After the deal, Joann would still be majority-owned by Leonard Green & Partners and remain heavily indebted.
Feb. 4, 2021
Walmart's acquisition of Thunder's intellectual property
Walmart acquired the technology and intellectual property behind Thunder — an ad-tech solution focused on creative automation. The tech is part of a new self-serve display advertising platform the retailer plans to roll out later in 2021. The acquisition followed a revamp of Walmart’s media network, including a name change from Walmart Media Group to Walmart Connect. The retailer is strategizing to become a “top ten advertising platform.”
Jan. 11, 2021
Staples' acquisition offer to Office Depot
June 21, 2022
ODP Corp opted not to sell its consumer business, which includes the Office Depot and OfficeMax banners. It also opted not to separate out its consumer business into its own stand-alone company.
Staples, owned by private equity firm Sycamore Partners, began pursuing a deal with ODP in early 2021, first for the entire company and then targeting its consumer business. While Staples was still openly interested in the consumer business, ODP undertook a plan to divide itself into two independent publicly traded companies.

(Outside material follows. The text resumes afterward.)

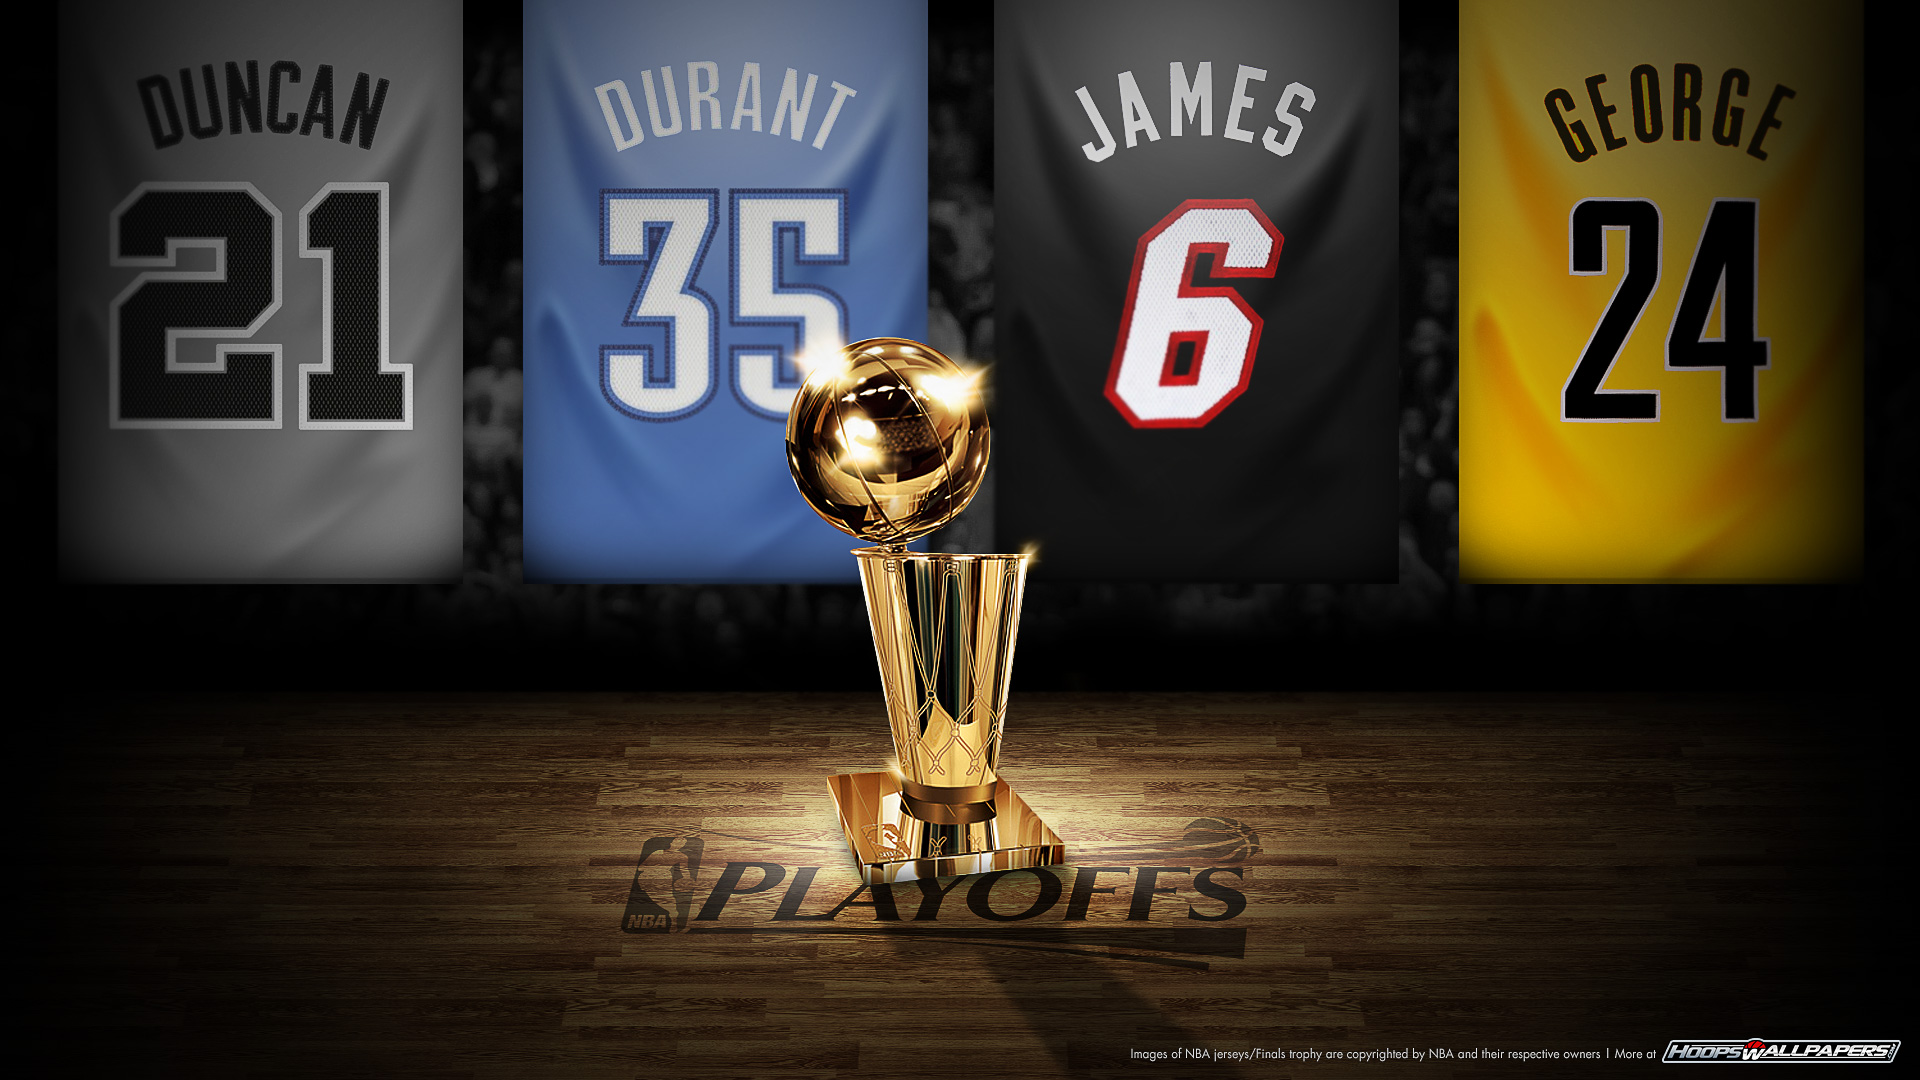  Newest NBA and basketball wallpapers for free download NBA Players

ODP then put that plan on ice in 2022 after receiving another offer from an unnamed suitor. After contemplating that offer and Sycamore’s, it decided to stay the current path as a whole company, with the difficult macro environment cited as the reason for not splitting.
June 4, 2021
The parent of Staples has made a $1 billion proposal to buy the consumer business of ODP Corporation that would include the Office Depot and OfficeMax retail business, according to a press release. ODP acknowledged that it has received Staples’ new offer and is “carefully reviewing” it. In its letter to ODP, Staples signaled that it was prepared to bypass ODP’s board with an offer to stockholders “unless our negotiations for a consensual alternative transaction as proposed herein are successful.”
March 31, 2021
Staples said in a press release it is exploring “all alternatives” to buy all or select ODP assets. Potential assets include ODP’s retail and consumer-facing business, its business operations in Canada “and certain other assets.” Staples will no longer launch a tender offer for ODP’s common shares this month, but the retailer is still working with the Federal Trade Commission and the Canadian Competition Bureau to get clearance for a transaction, and hinted it may resort to a tender offer again in the future.
Jan. 11, 2021
This deal, a reprise of two previously failed attempts by these two office supplies retailers to merge, remains in flux, as Office Depot has rebuffed the $2.1 billion takeover offer from Sycamore Partners-owned Staples. Office Depot cited concerns that the Federal Trade Commission could once again frown upon them combining, though the company outlined ways things could go forward, including a joint venture or an acquisition limited to Office Depot’s consumer-facing operations.
Jan. 1, 2021
Amazon's acquisition of Selz
After leaving this space five years ago and allowing firms like Shopify to dominate it, Amazon is now backtracking. The company acquired Selz in January, though Amazon did not provide a specific date for the acquisition. Selz is a small Australian startup that, like Shopify, provides digital turnkey tools for smaller retailers to easily get into e-commerce. With so many consumers leery of shopping indoors, that became a must even for small and local shops during the pandemic, and all signs indicate that many customers will continue to expect to be able to order online even from mom and pops.